Training for health and safety

Training means educating people on what should be done and not, how it should be done and when it should be done.

Based on a survey carried out by ILO, workers often experience work-related health problems but do not realize that the problems are related to their work, particularly when an occupational disease, for example, is in the early stages. Hence, there is a need to train workers on safe way to do the job, hazards associated with the work and how to eliminate or control them.

It is also important to train workers how to react in case of emergencies, like a fire outbreak. Training on first aid is also important.

Training can be conducted at different levels:

  1. During induction course for new employees where they can be educated on how to work safely and also about the hazards and risks associated with the jobs, how to eliminate or control them.
  2. Training can be organized for management and Supervisors so that they know what are the hazards present in the workplace and this enable them to develop policies to combat these hazards
  3. Regular training to existing employees, to update them on new equipment and technologies being used.

Health surveillance

Health surveillance at work is very important. It is performed to look for early signs of ill health caused by substances and other hazards at work. It includes keeping health records for individuals and may include medical examinations and testing of blood or urine samples, so that corrective action can be taken.

Health and Safety Committee

Health and safety programs

For all of the reasons given above, it is crucial that employers, workers and unions are committed to health and safety and that:

  • workplace hazards are controlled – at the source whenever possible;
  • records of any exposure are maintained for many years;
  • both workers and employers are informed about health and safety risks in the workplace;
  • there is an active and effective health and safety committee that includes both workers and management;
  • worker health and safety efforts are ongoing.

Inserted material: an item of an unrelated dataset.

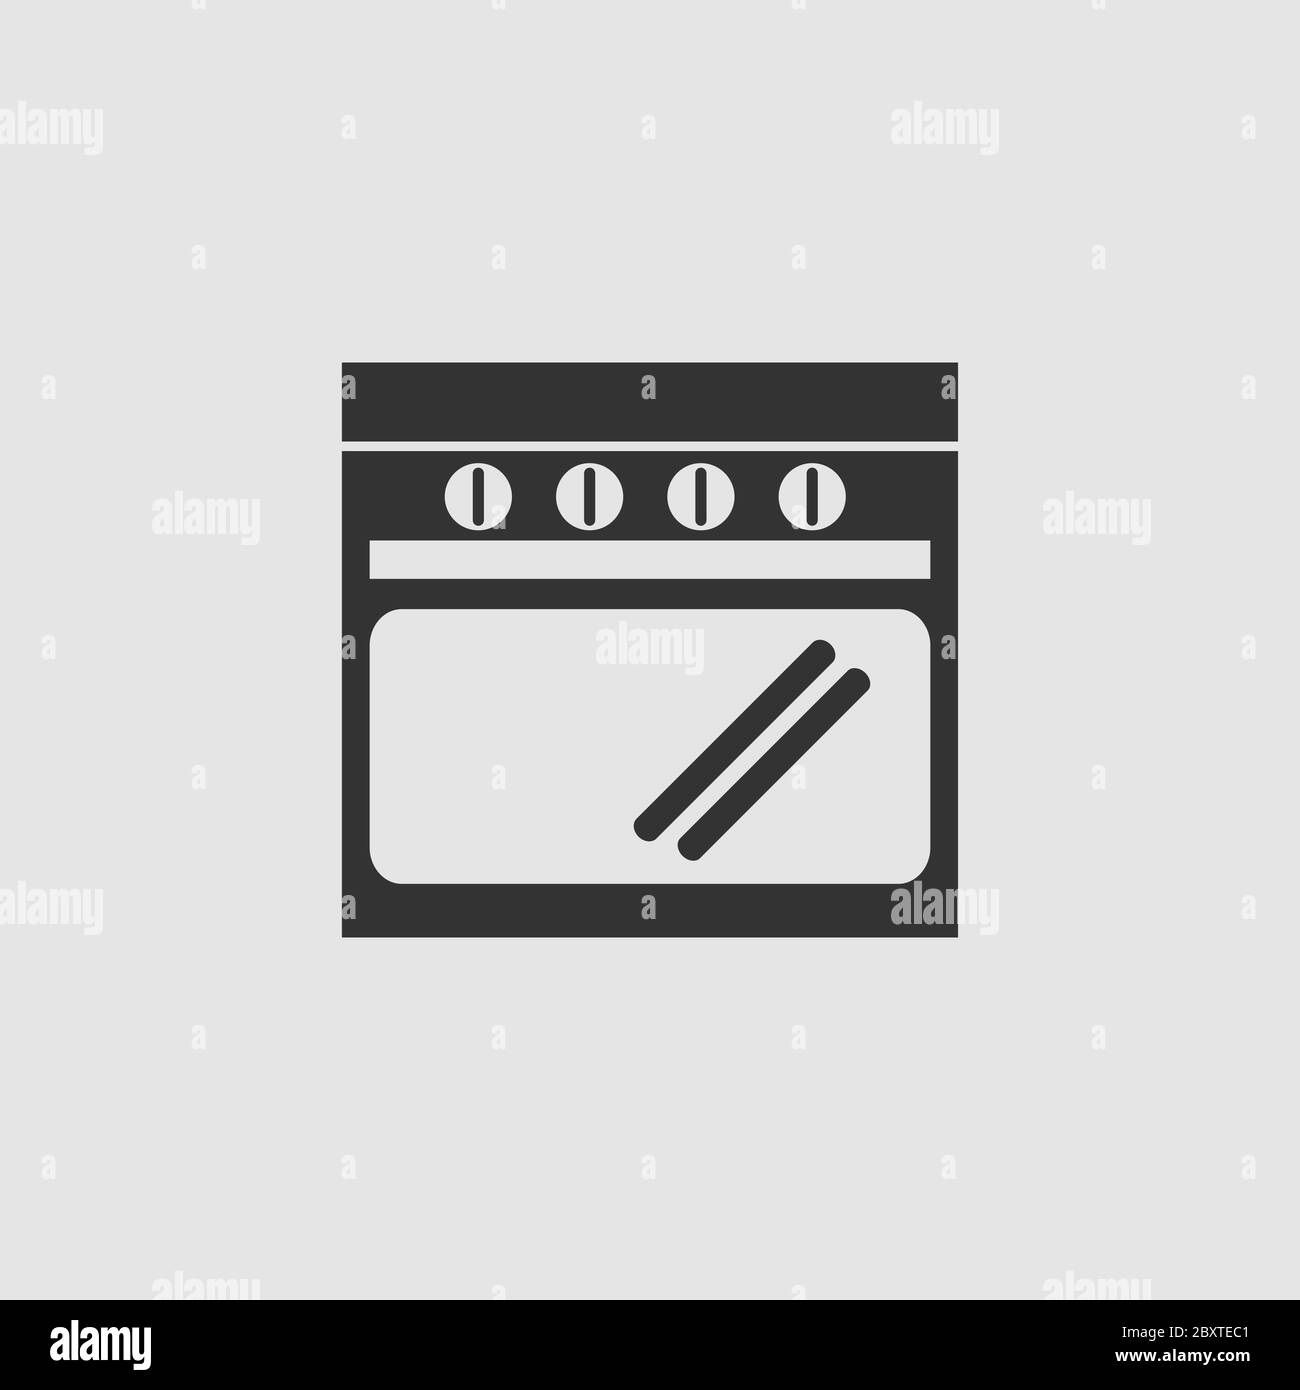 Oven icon flat. Black pictogram on grey background. Vector illustration symbol Stock Vector

Charles D. Reese (2001) Accident/Incident Prevention Techniques – In order to effectively manage safety and health, a company must pay attention to some critical factors:

  1. policy of management regarding health and safety of workers
  2. health and safety goals of the company
  3. who is responsible for occupational safety and health
  4. how are supervisors and employees held accountable for job safety and health?
  5. what are the consequences of not following the safety rules
  6. are there set procedures for addressing safety and health at the workplace?

A written safety and health program is of primary importance in addressing these items.